If starting from nothing, use Launchpad’s Business Capability, Business Process, Application and Application Services sheets, and the mapping sheets that go with those. If you have some data then use the Launchpad Spreadsheet Exporter to get a pre-populated spreadsheet – this is in the View Library under Support. To turn the report on, go to the class tree in Essential and EA Support > Essential Viewer > Report. Find the Core: Launchpad Spreadsheet Exporter report and ensure ‘Enabled on Homepage’ is checked. republish if you have to change it.

In Cloud/Docker, if you have a lot of the data already imported then use the Capability Editor to set your capability model. Use the Business Process Editor to map the business capabilities to processes, and either the Business Process and or the Application editor tabs for mapping processes to apps.

In Open Source, navigate to the class tree from business capabilities and map the processes. Map the physical processes by selecting the Business Process and creating the physical process where you can map to applications (directly or via the application service).

There might be a need to capture additional data for the Dashboard Perspective Views. Follow the Business Goals and Objectives guidance for more information on how to link business goals to business capabilities and projects. And how to capture Business Processes to Organisation in the Launchpad.

Use the Business capability Model Editor to manage the relationships between business capabilities and your general business capability model.

View Set-up

To enable the report, go to EA Support > Essential Viewer > Report. Find Core: Business Capability Dashboard and tick enabled on the homepage. Ensure you have a root business capability set. Usually, this will be a capability that is your organisation’s name or what your organisation does, e.g. Asset Management. In the class tree go to EA Support > Essential Viewer > Report Configuration > Report Constant. Find Root Business Capability and set its associated instance slot to your root capability.

If your application lifecycles do not have colour then make sure you have set colours for the lifecycles. Go to EA Support > Utilities > Enumeration and find the Lifecycle Status class. Look for the ‘element styling classes’ slot and create a style if one doesn’t exist. In the style set the element colour and element text colours to hex colour (type hex colour into any search engine to get some).
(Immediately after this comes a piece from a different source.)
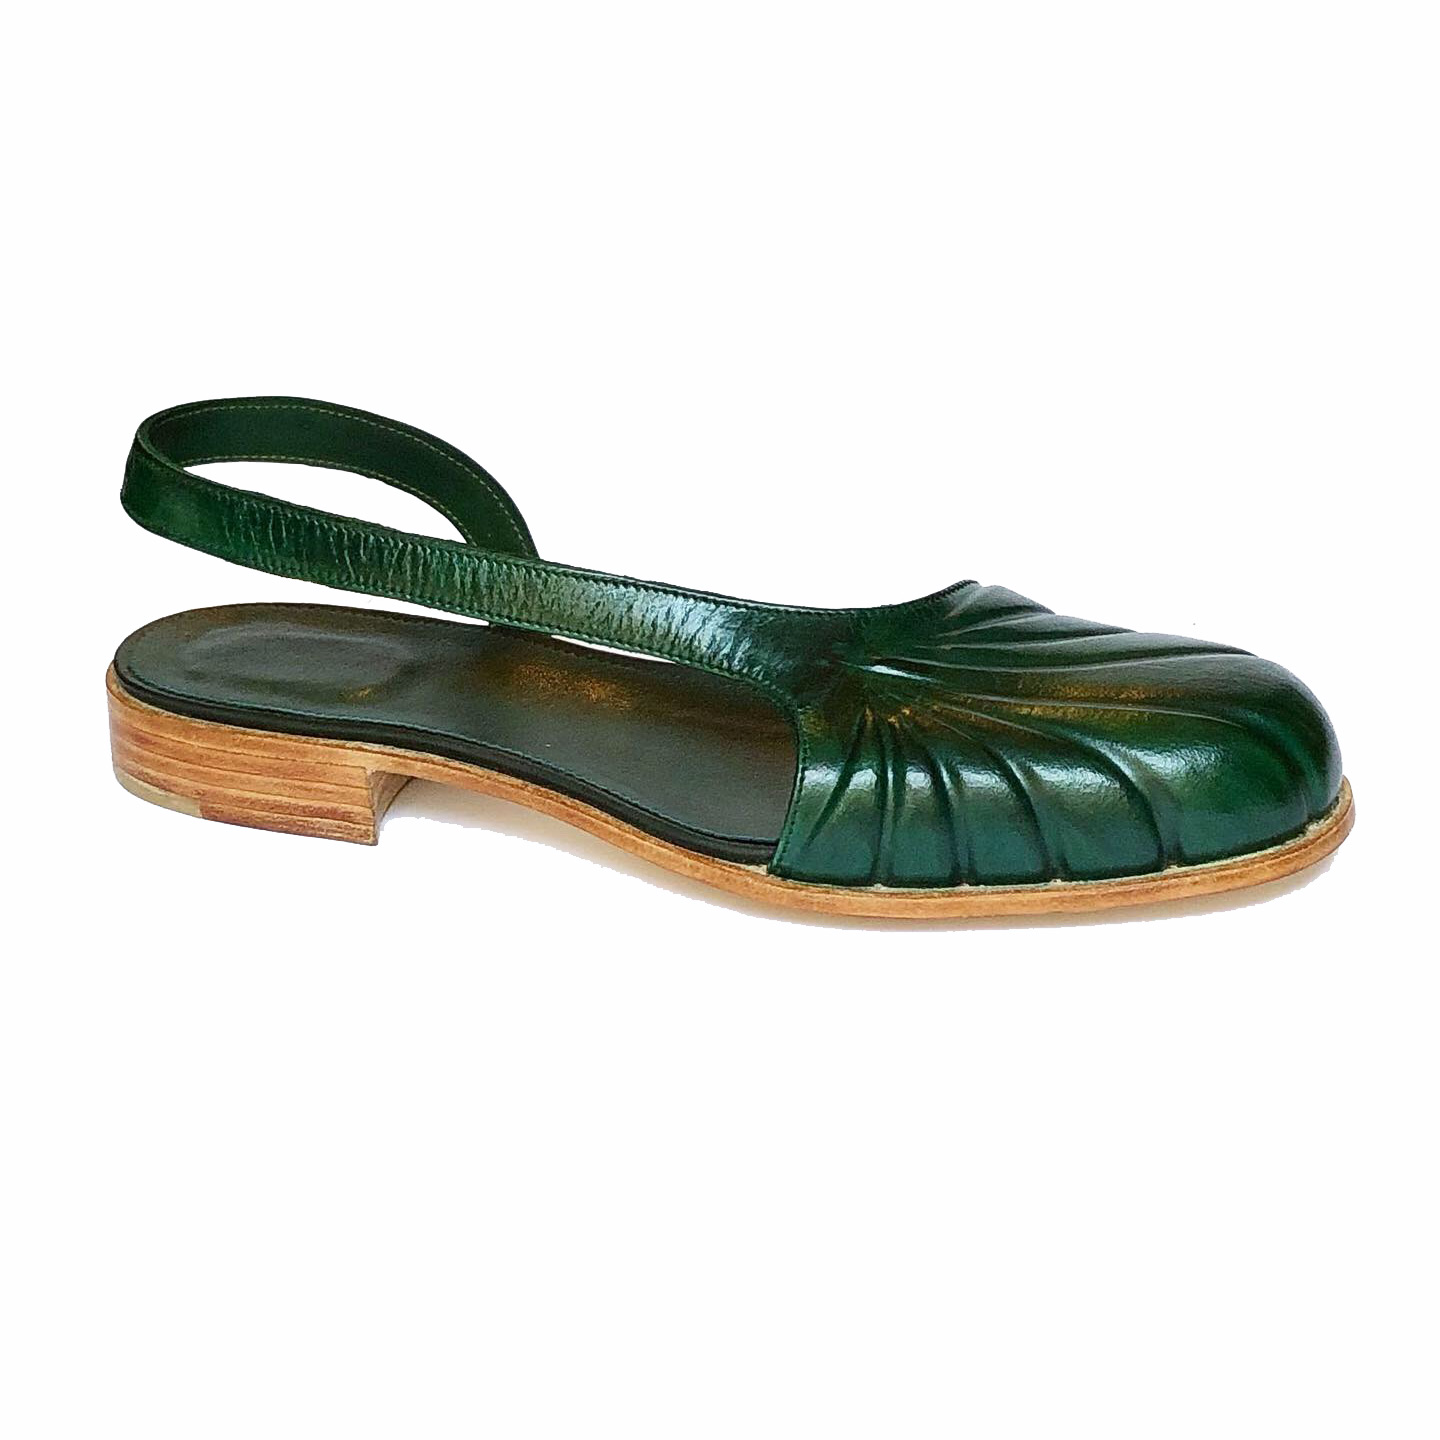 Shoe prototypes green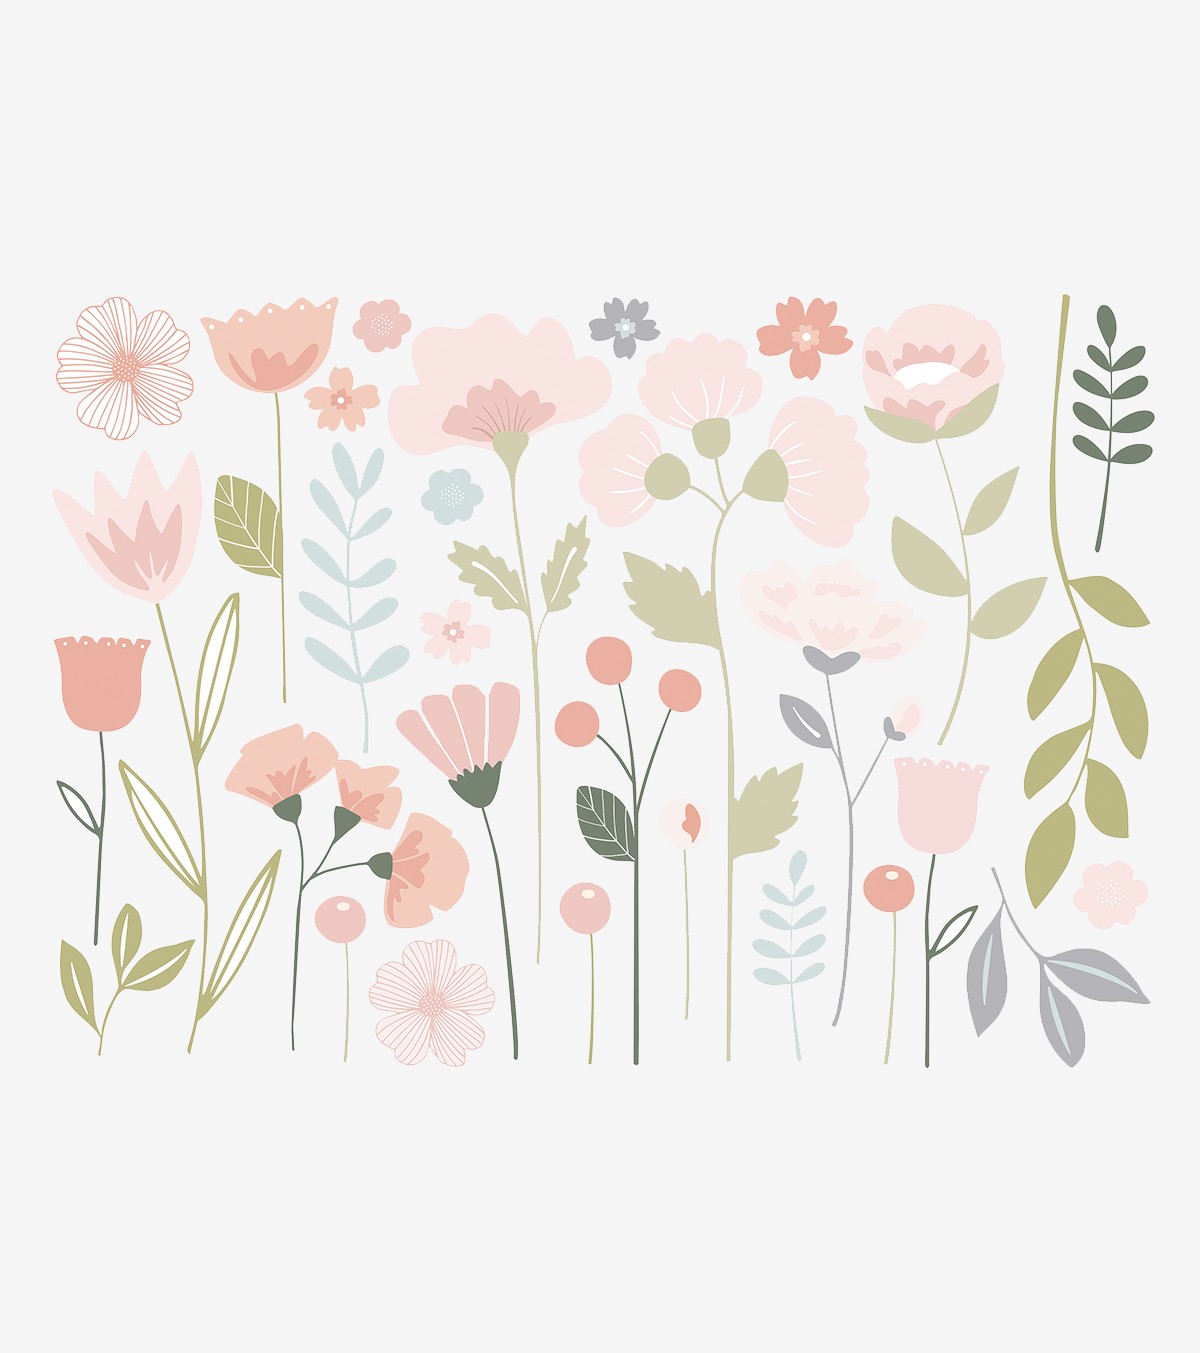 QUEYRAN - Grands stickers - Fleurs sauvages

To set the colours on the Goals and Projects overlay, navigate to Business Goals Class. Add/Edit the element style in the Element Styling Class slot. In the Element Style class instance, ensure that the Style for Element slot is populated with a business goal. Set the Hex colour of the colour of choice in the Element Style Colour slot.

Ordering the Capabilities

The view looks to see whether front/middle/back positions have been defined (FMB). Launchpad does this and allows you to group by those positions, and then it uses the business capability index slot. When no FMB is defined for the capability then it just uses an index and they go at the top of the view and any caps tied to FMB go next. When FMB is defined for a capability then it applies that first and after that orders the capabilities within that group based on the index. The FMB is used in some legacy views, we recommend that you just use the business capability index if you are a new user. If you are an existing user using legacy business capability views, this layout will be consistent with those.